* **Dataset extract**:

┄┄┄┄┄┄┄┄┄┄┄┄┄┄┄┄┄┄┄┄

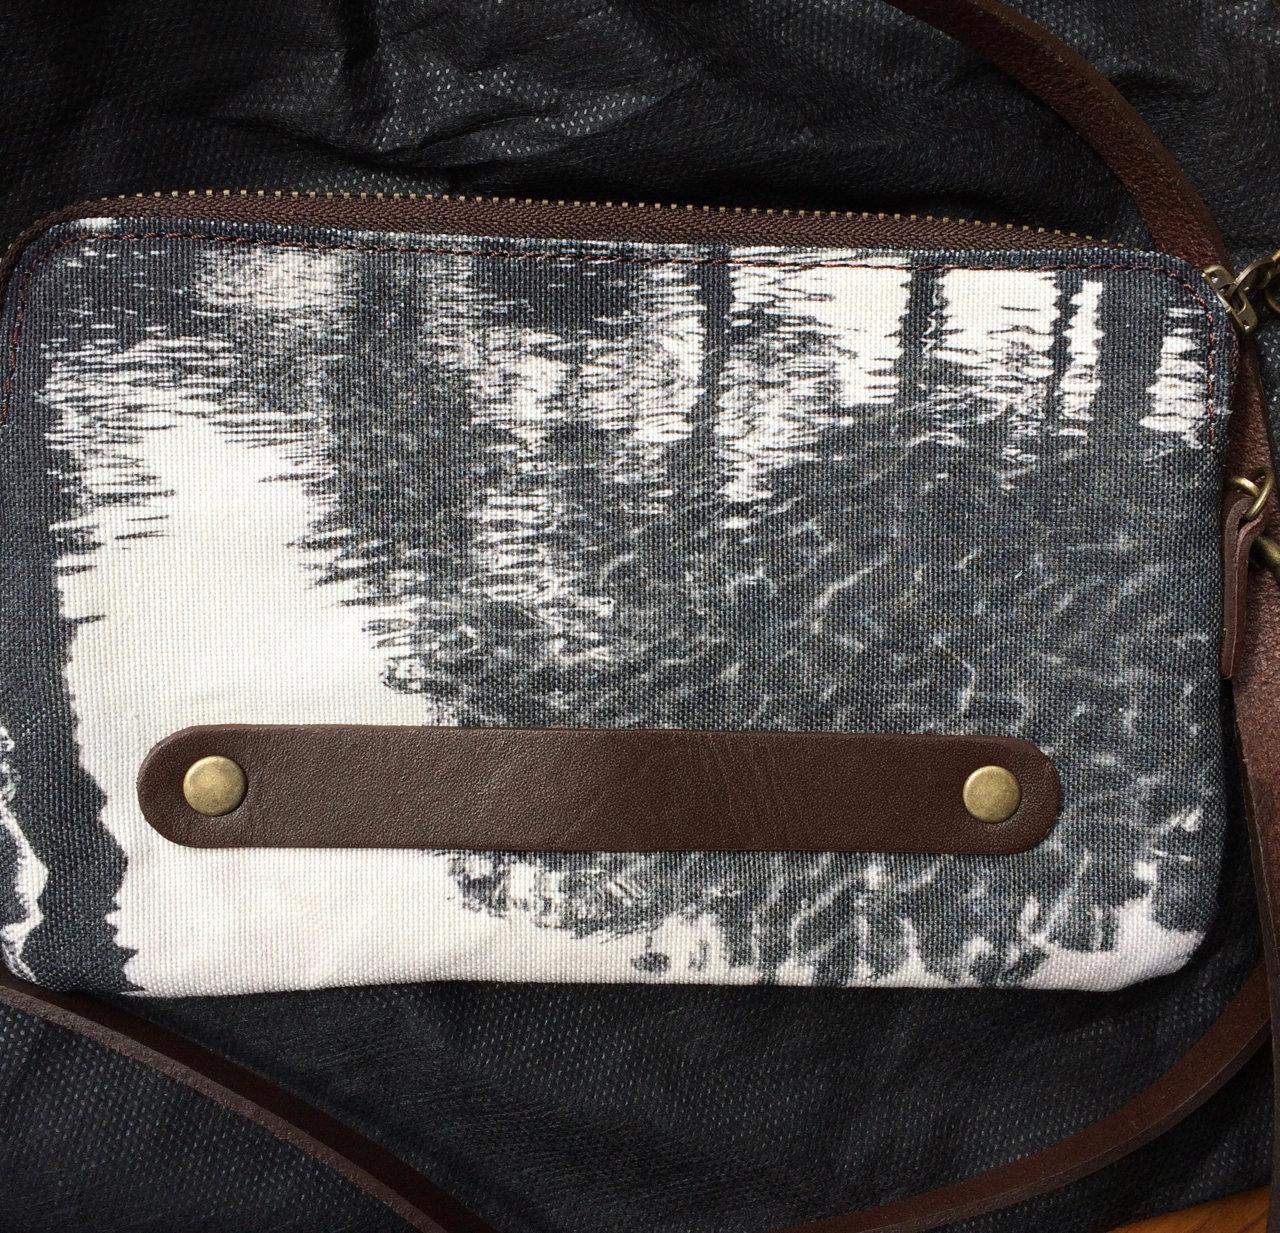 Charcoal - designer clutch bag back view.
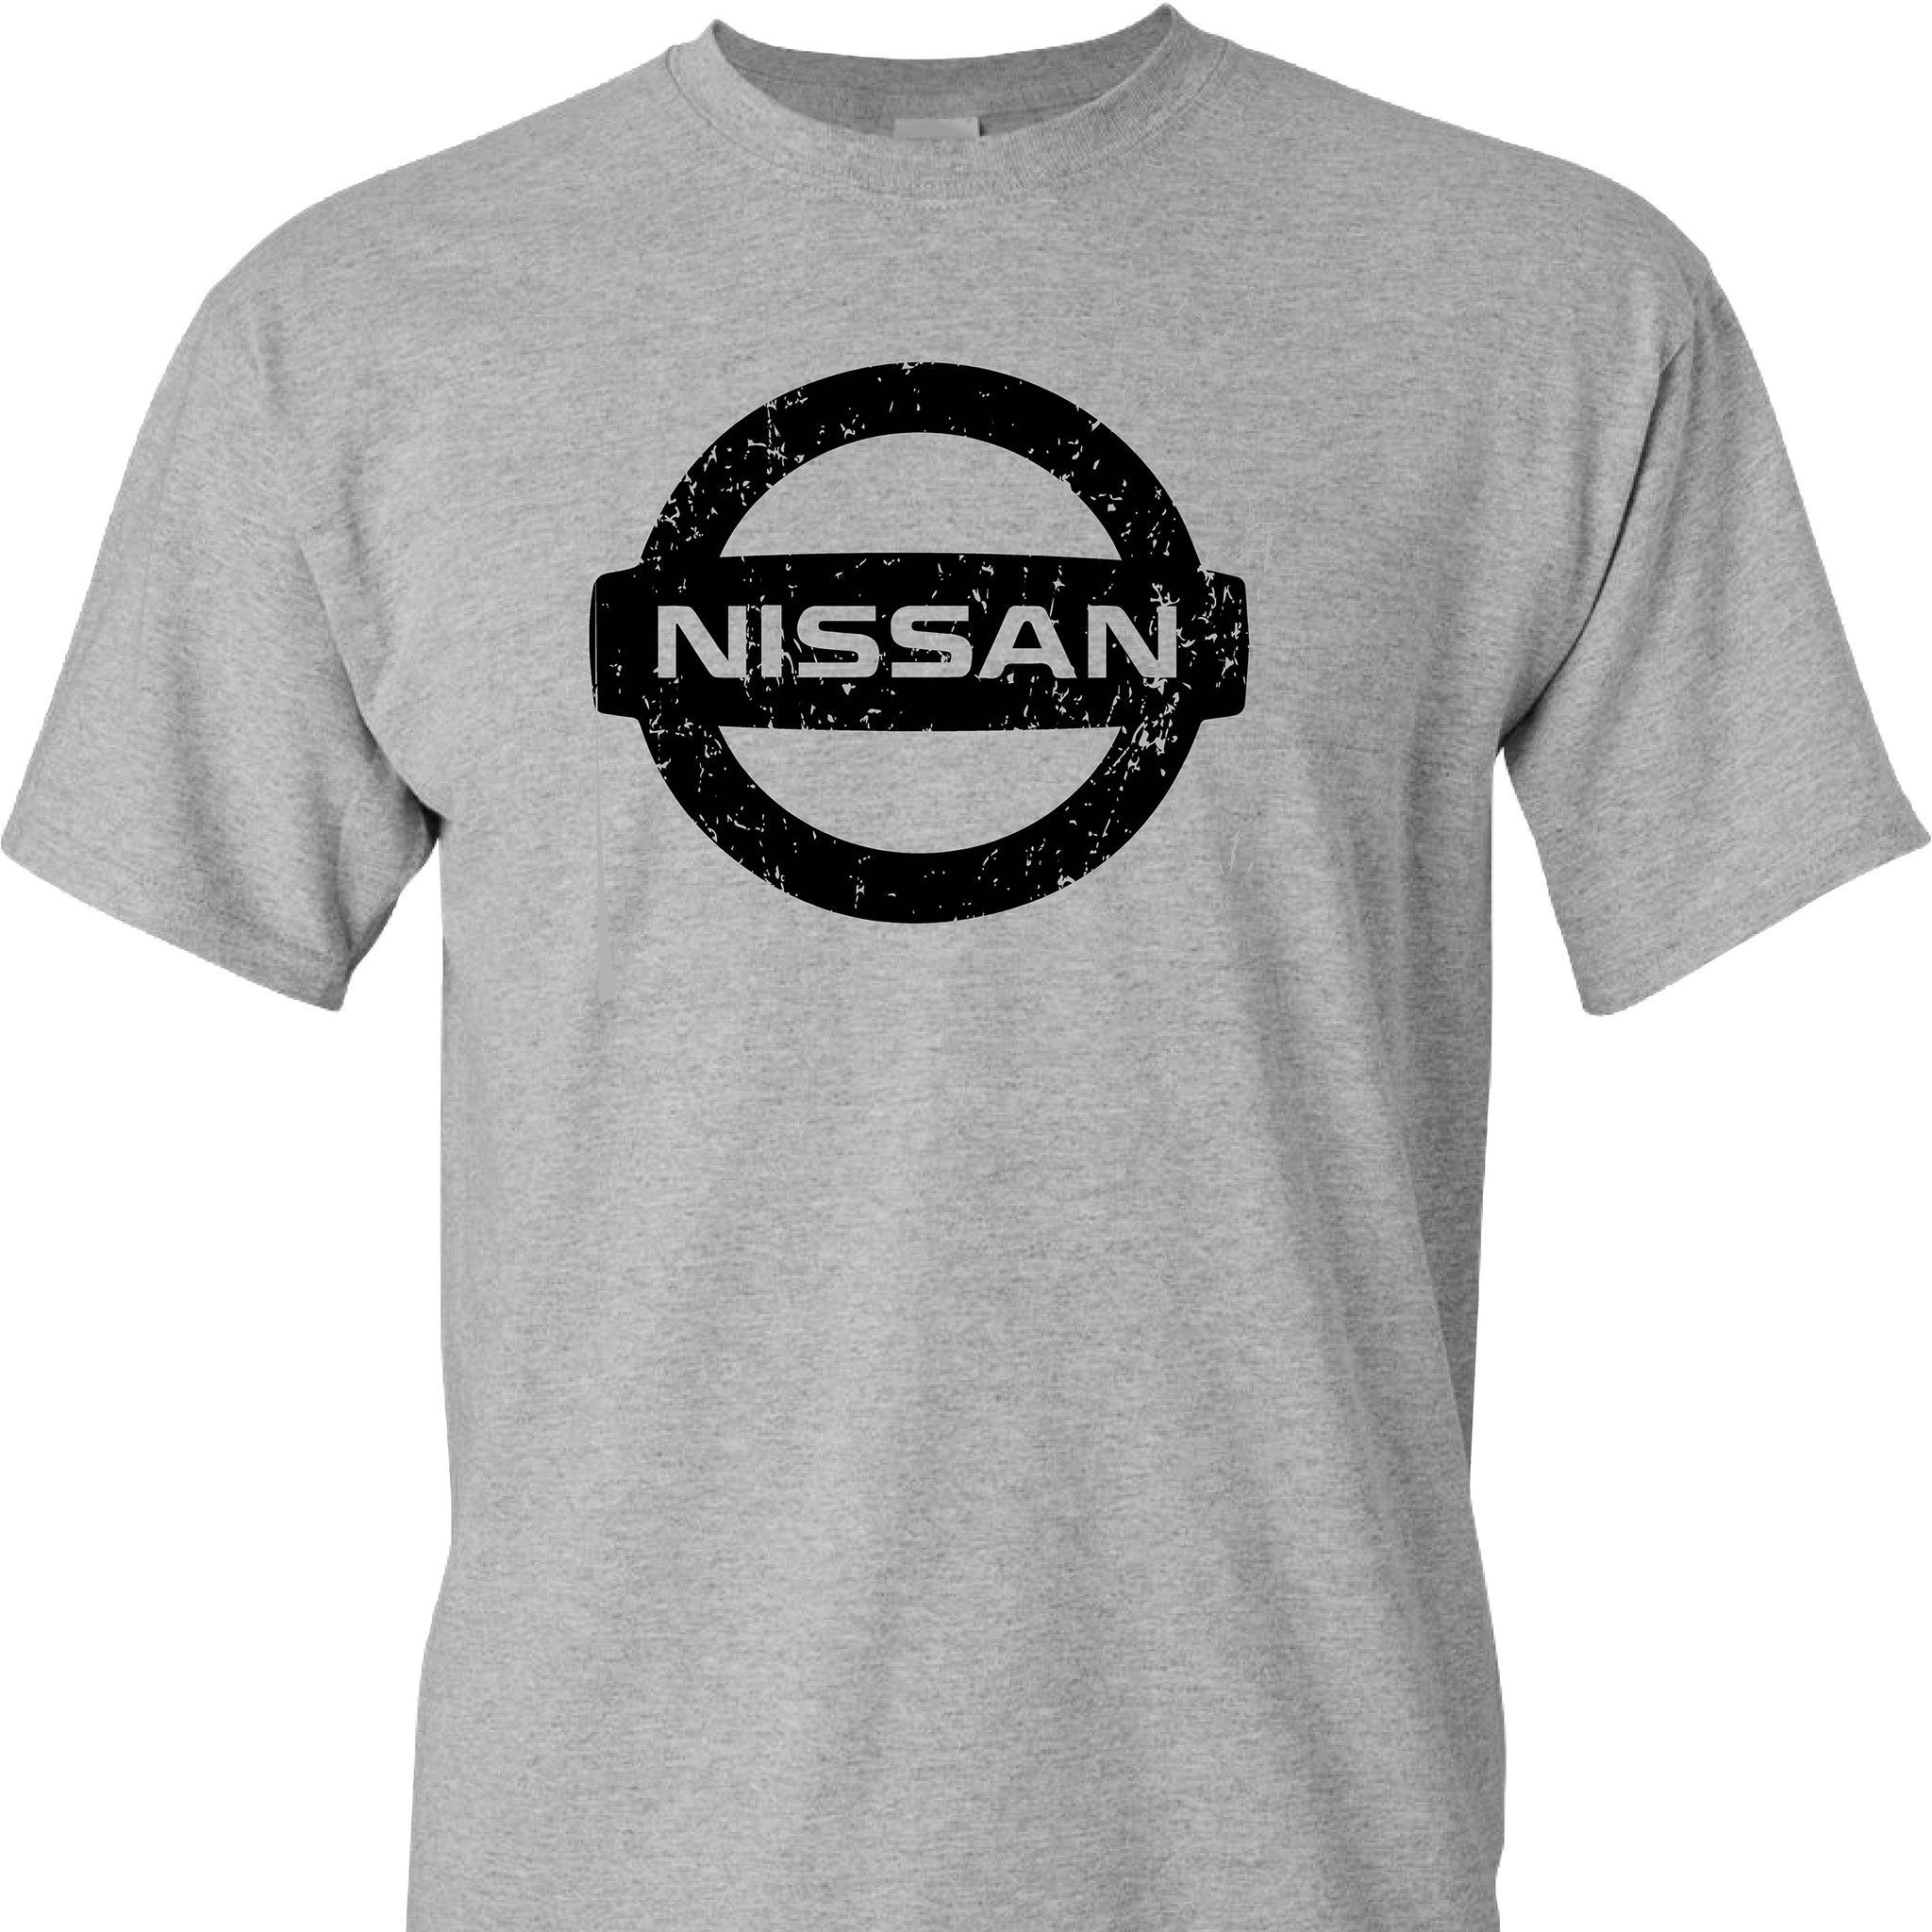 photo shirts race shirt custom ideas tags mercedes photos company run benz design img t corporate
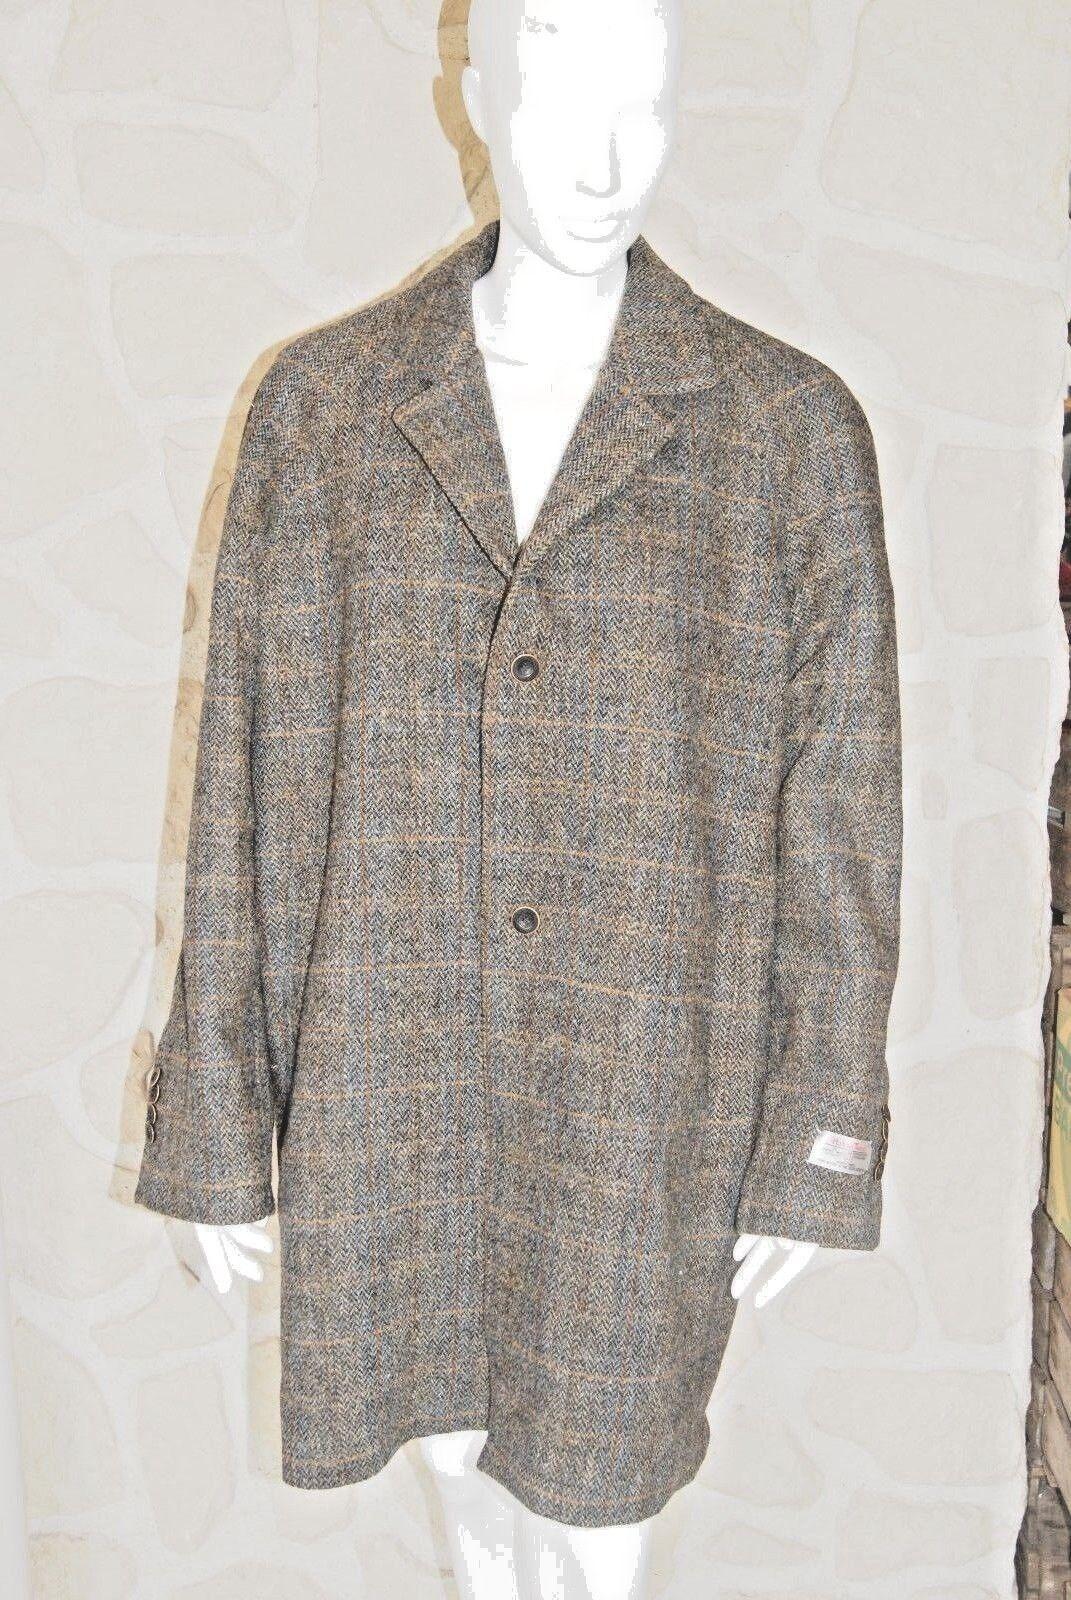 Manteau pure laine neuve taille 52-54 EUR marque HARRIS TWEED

┄┄┄┄┄┄┄┄┄┄┄┄┄┄┄┄┄┄┄┄

* **Directions**:
In your answer, set down the full listing word for word and include no pictures.

* **Answer box**:
 Charcoal - designer clutch bag back view.
 photo shirts race shirt custom ideas tags mercedes photos company run benz design img t corporate
 Manteau pure laine neuve taille 52-54 EUR marque HARRIS TWEED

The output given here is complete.